Hewer, Hutton, [2022] “Subtyping Without Reduction”
The paper presents two quotiented encodings of subtypes - 1) a sigma with a propositionally truncated inductive family and 2) an inductive-recursive family with an injectivity constraint on the simultaneously defined function; both are formalized in Cubical Agda. The motivation for this is that operations on subtypes tend to overcompute the embedded predicate, which can greatly slow down typechecking. The first half of the paper takes the subtype of even numbers and addition as the operation on it as the running example.
The crux of the first idea is to encode the predicate that defines the subtype membership as an inductive type, adding the expensive operations closed under the predicate (e.g., the addition mentioned above) as “non-canonical” constructors. Doing this throws the family out of the propositional class (since proofs of the same fact can now be obtained via different terms, e.g., by adding zeroes). This problem can be fixed by doing the so-called prop-truncation, i.e., by postulating equality of all proofs of the same type with a higher constructor. For convenience, one can construct an isomorphism between a “canonical” evenness predicate and a quotiented one. Eliminating from such a predicate back to nats can be done by introducing an intermediate sigma-prop or recursion on numerical indices.
The second idea is to use a higher inductive-recursive definition for the whole subtype. That is, we build structurally even numbers with embedded addition at once while defining the function toN for projecting into nats and adding a higher constructor for injectivity of toN. The construction of an isomorphism with the previous definition is outlined here verbally, but there is no available code. I had to reconstruct it based on further sections (on top of the cubical-mini library): see the gist.

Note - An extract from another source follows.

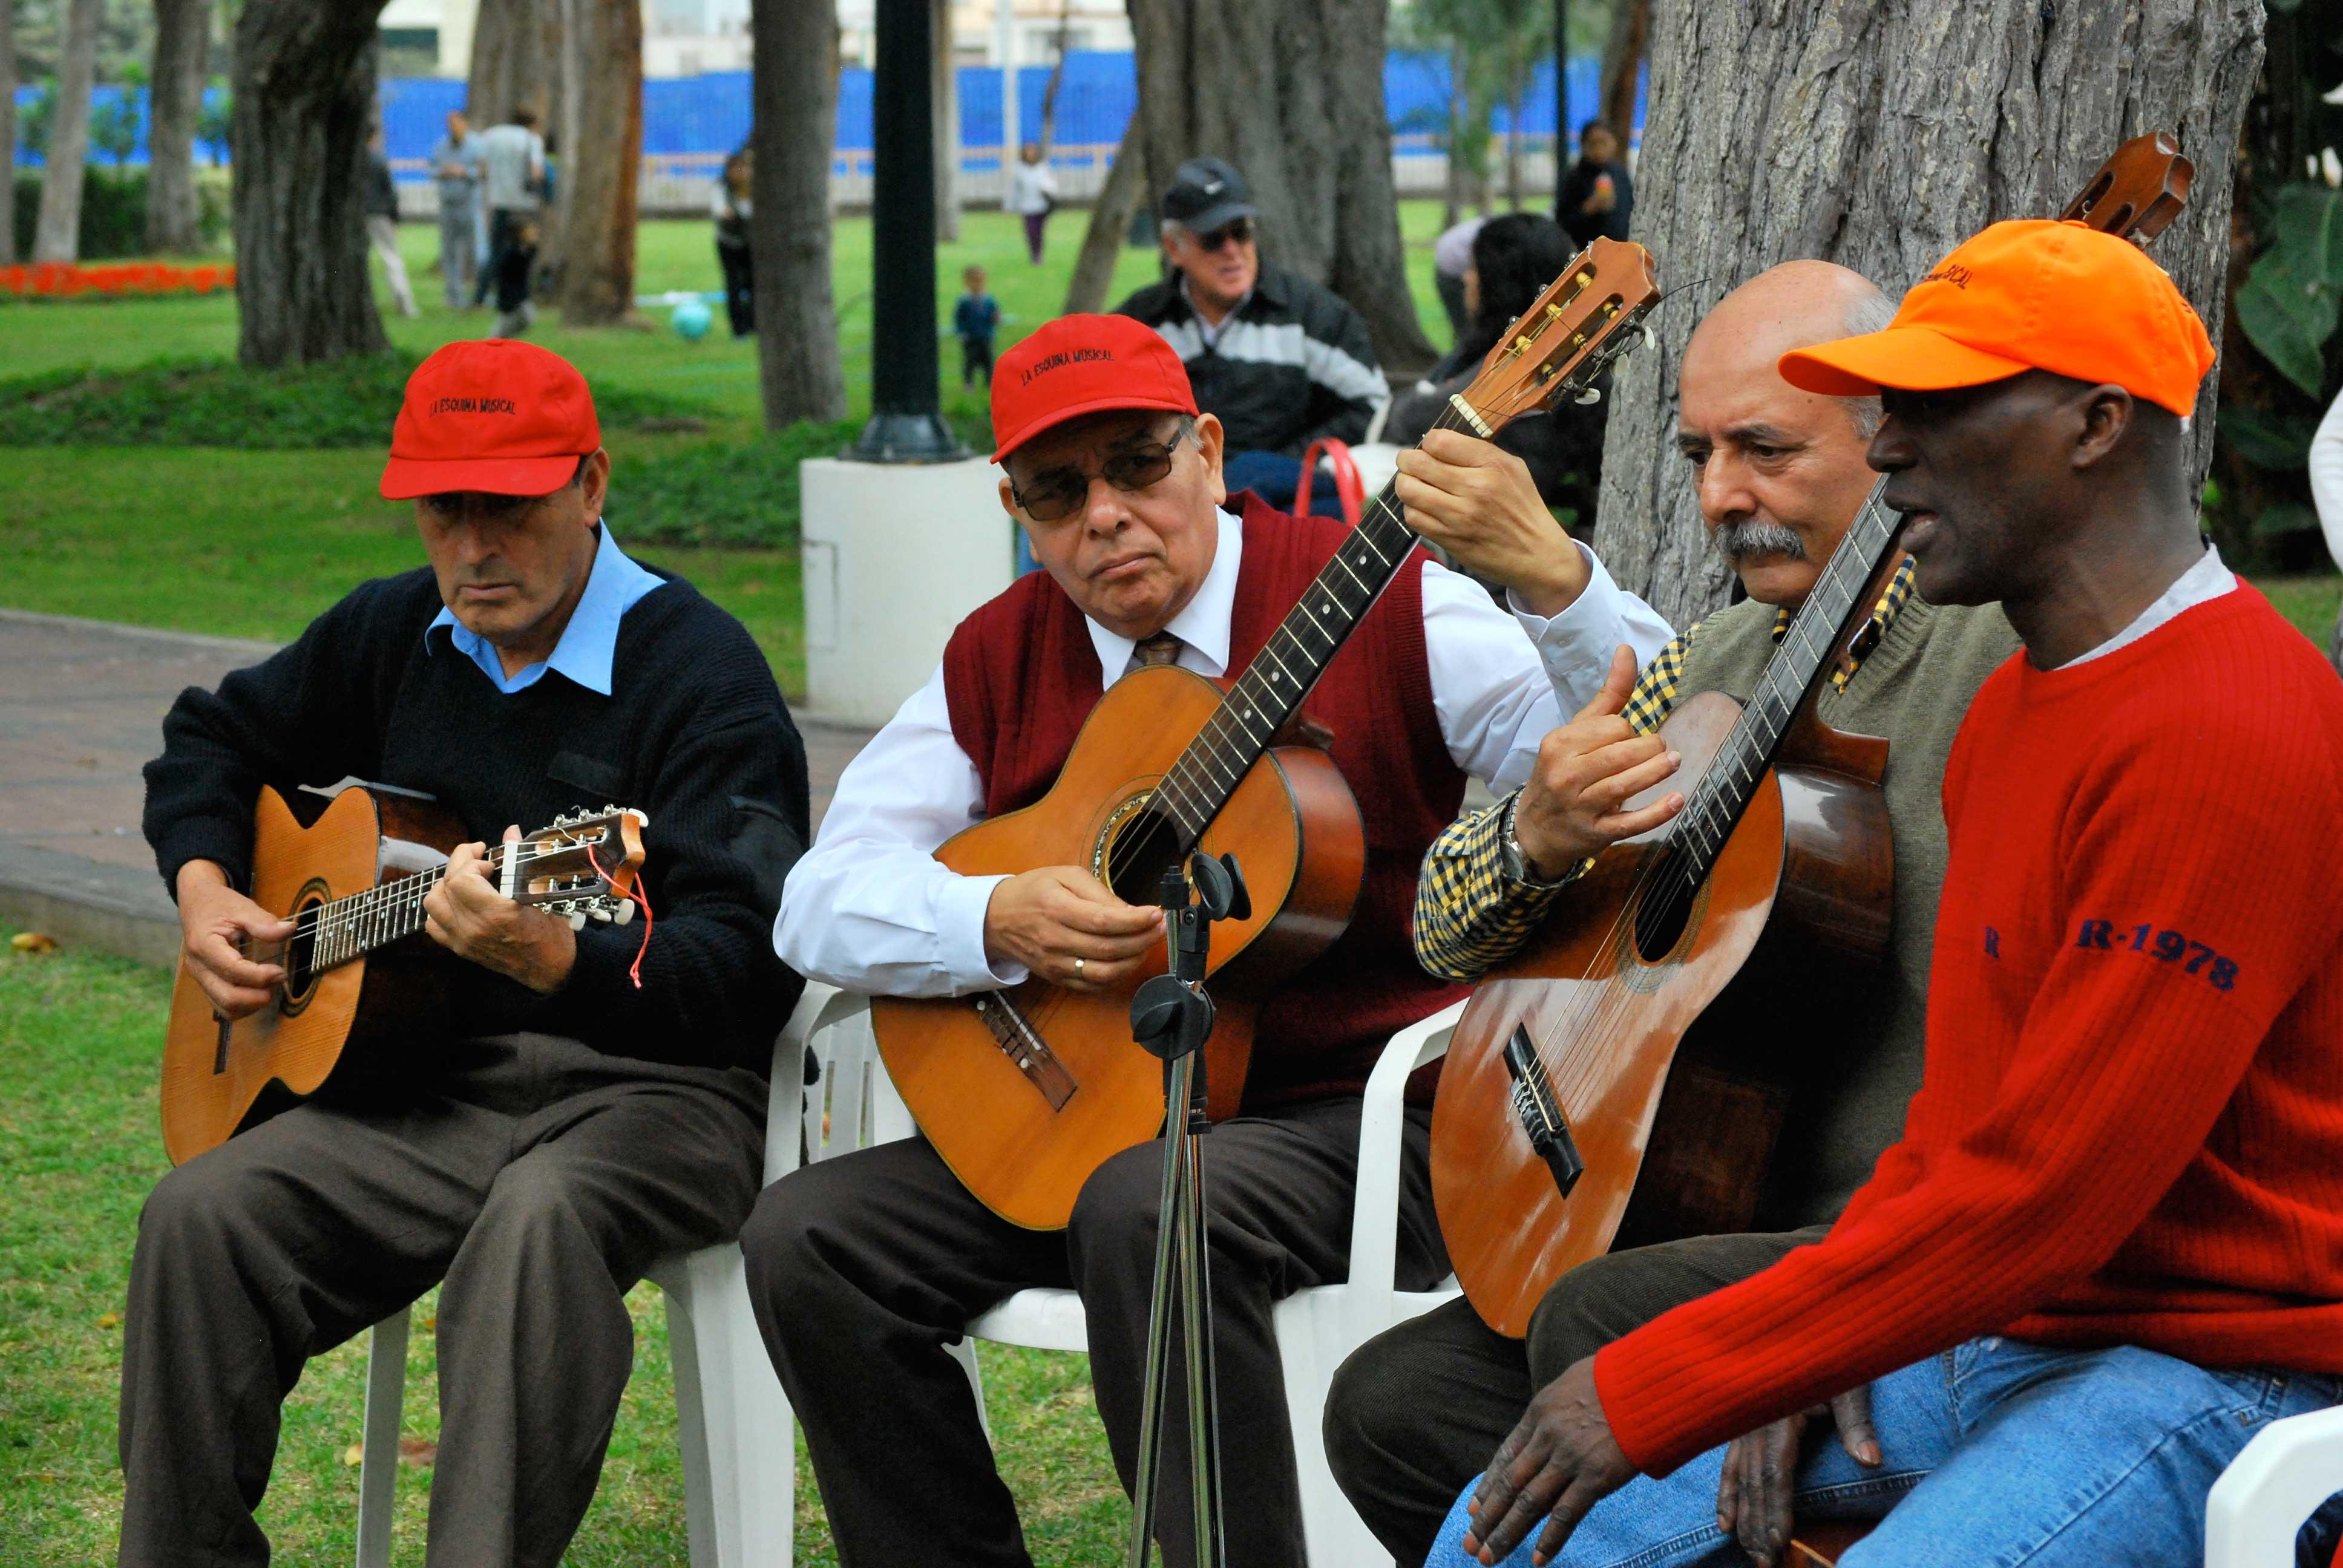 Grupo de Musicos da Esquina Musical no Parque Reducto em Lima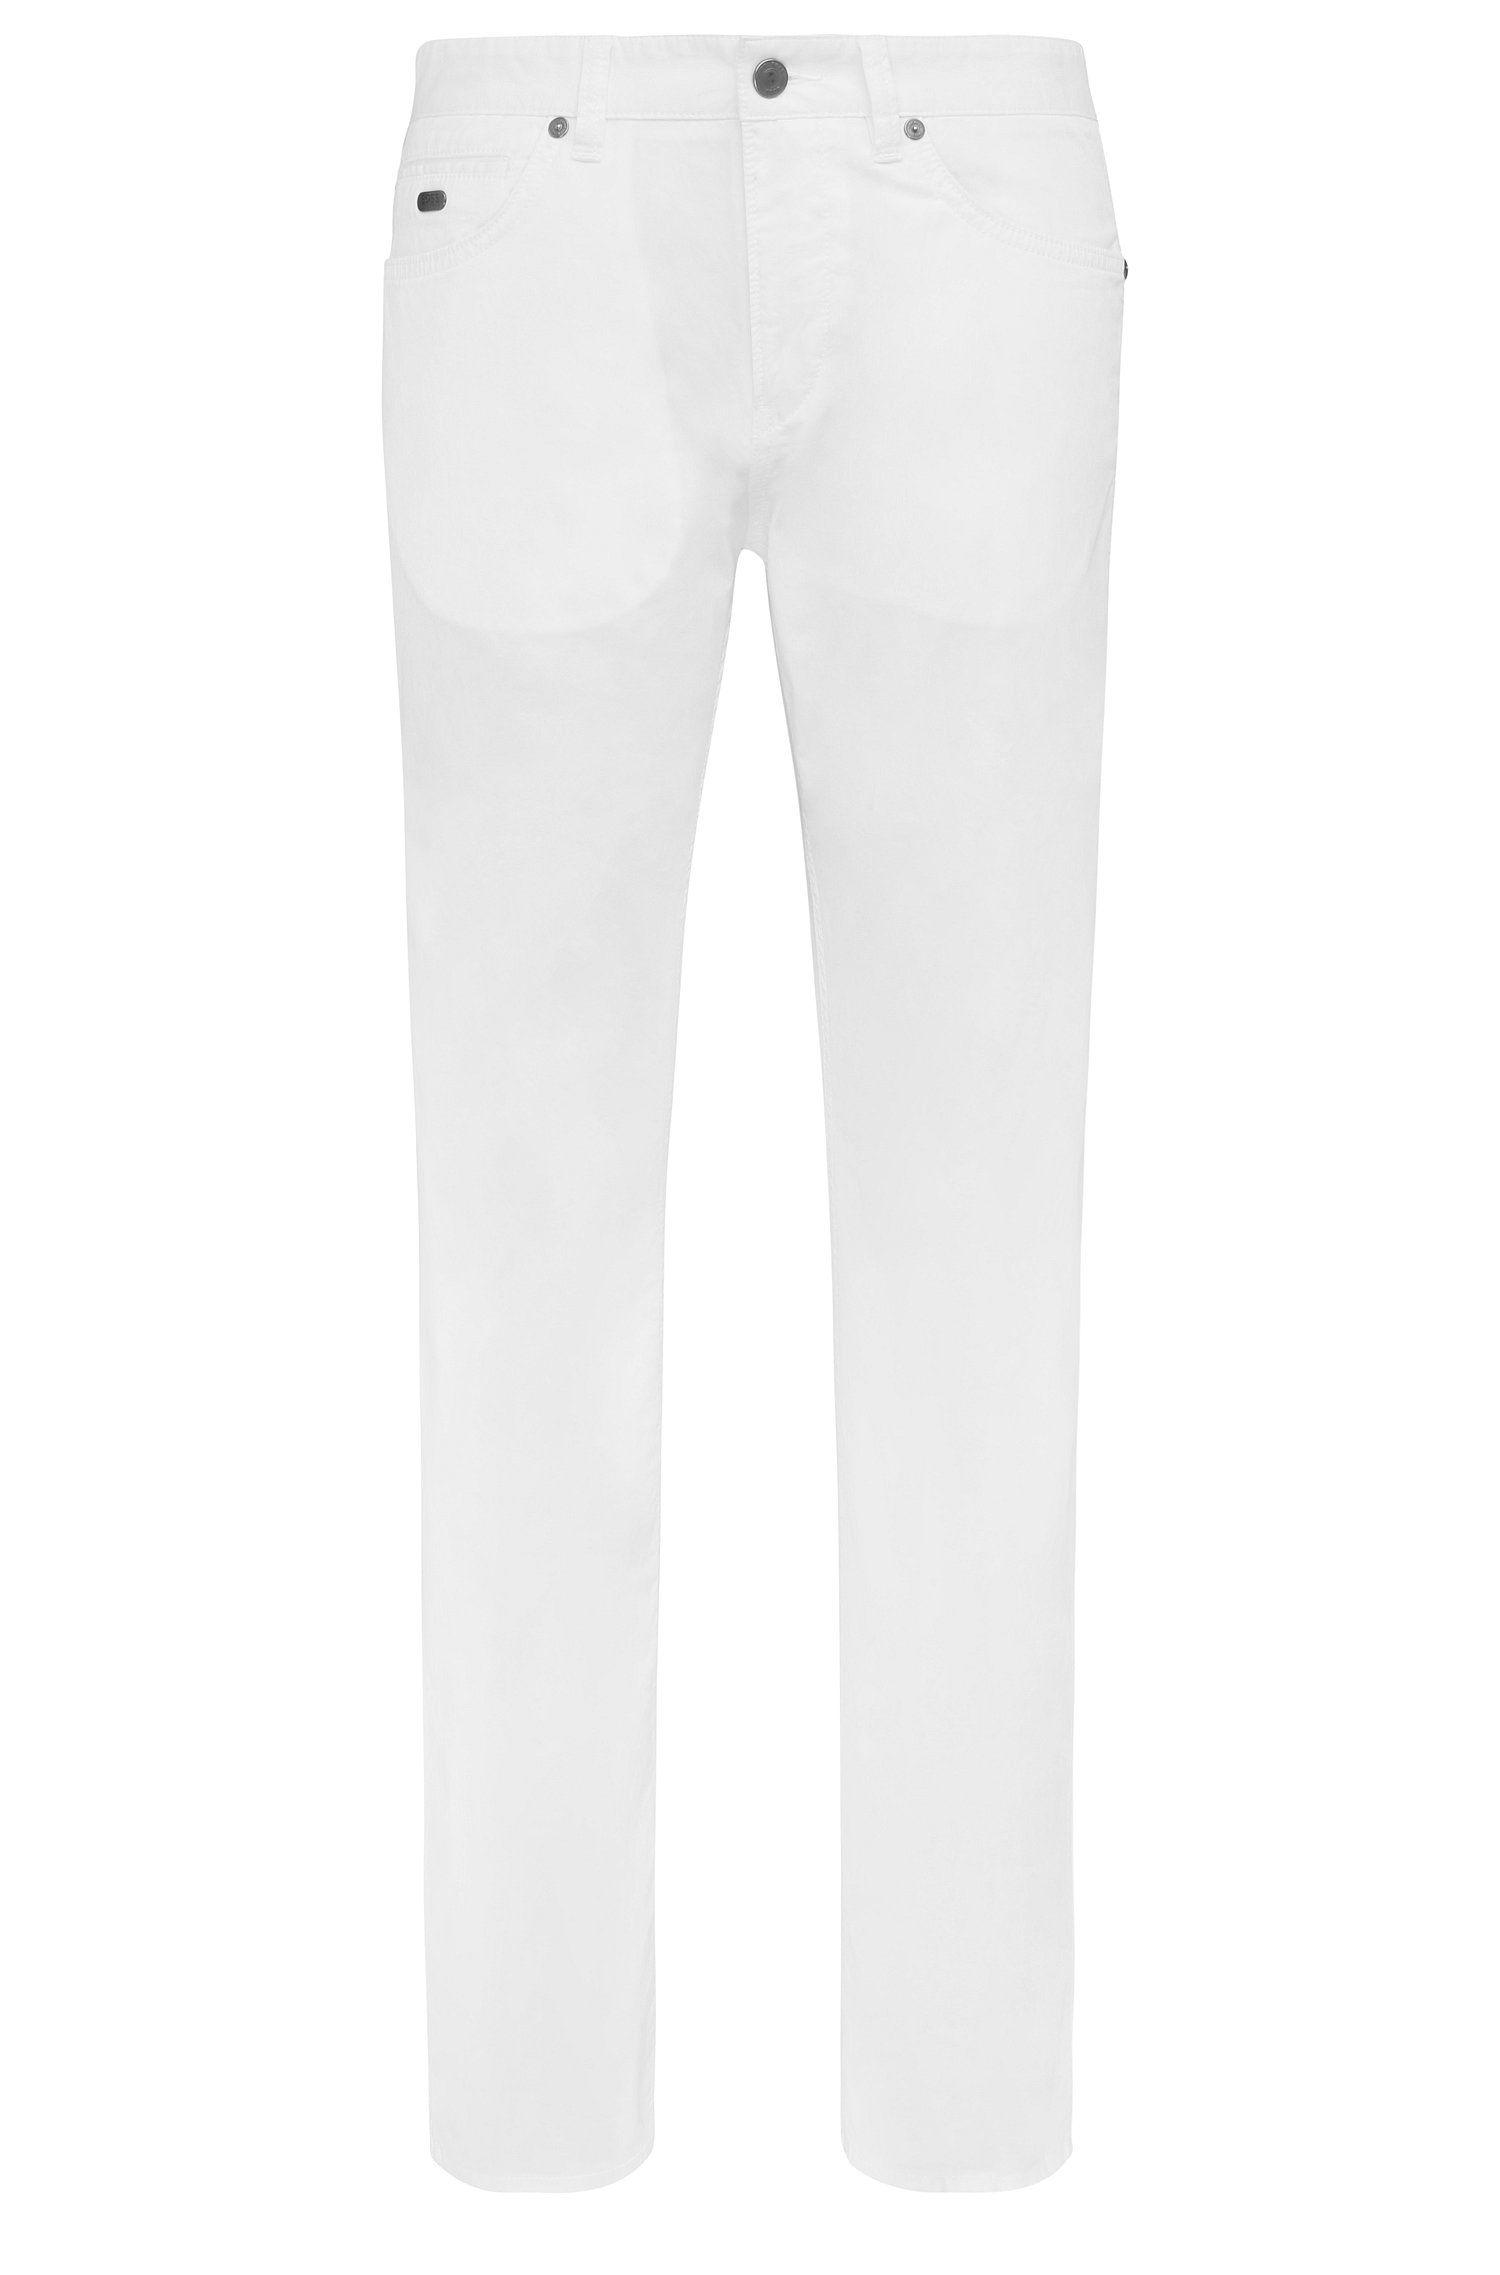 Pantalón slim fit en algodón elástico: 'C-Delaware3-3-20'

Both techniques boil down to building DSLs for operations on subtypes - blocking reductions by encoding functions with data and speeding up typechecking. Next, the authors decide to switch to an example with finite ordered sets Fin, encode them as a sigma of nat and inductive inequality (with constructors 0 < S _ and x < y -> S x < S y), immediately forget about the initial motivation and continue to work only with the inequality type itself - they bake in constructors for transitivity and difference-by-one (plus prop-truncation) into it, emphasize that the proofs over the extended version preserve the new constructors, not “normalize” them to two canonical ones. They also promise to show the higher-inductive-recursive variant in code - but it’s not there either.
Next, the paper proceeds to formalize a generalization of the first idea with quotiented free monads (IF) over indexed containers and their morphisms - this is called a “propositional monad,” and its free version is constructed. As another example, the authors show how to build a subtype of lists where elements are related pairwise by a given propositional relation on top of this construction. Next, they formalize a generalization of the second idea with higher-induction-recursion (IR), calling it a “free extension of the subtype”, using fibers over indexed containers, and describe in detail the construction of an isomorphism between this encoding and IF, transporting the list example.
The authors sketch how to generalize the approach to sigmas, where the second component is an arbitrary indexed type (not just a proposition), taking vectors as an example and baking in concatenation as a constructor. Propositional free monads are no longer sufficient to handle this; “freely represented families” over containers are needed.
The paper mentions SProp, erasure annotations, and abstract definitions as related approaches. The problem with the first two is insufficient composability; with the latter, there is the need for additional proofs. Specifying arbitrary equalities between operations, deriving a combinatorial language for subtypes, and finding more convenient eliminators are named as directions for future work.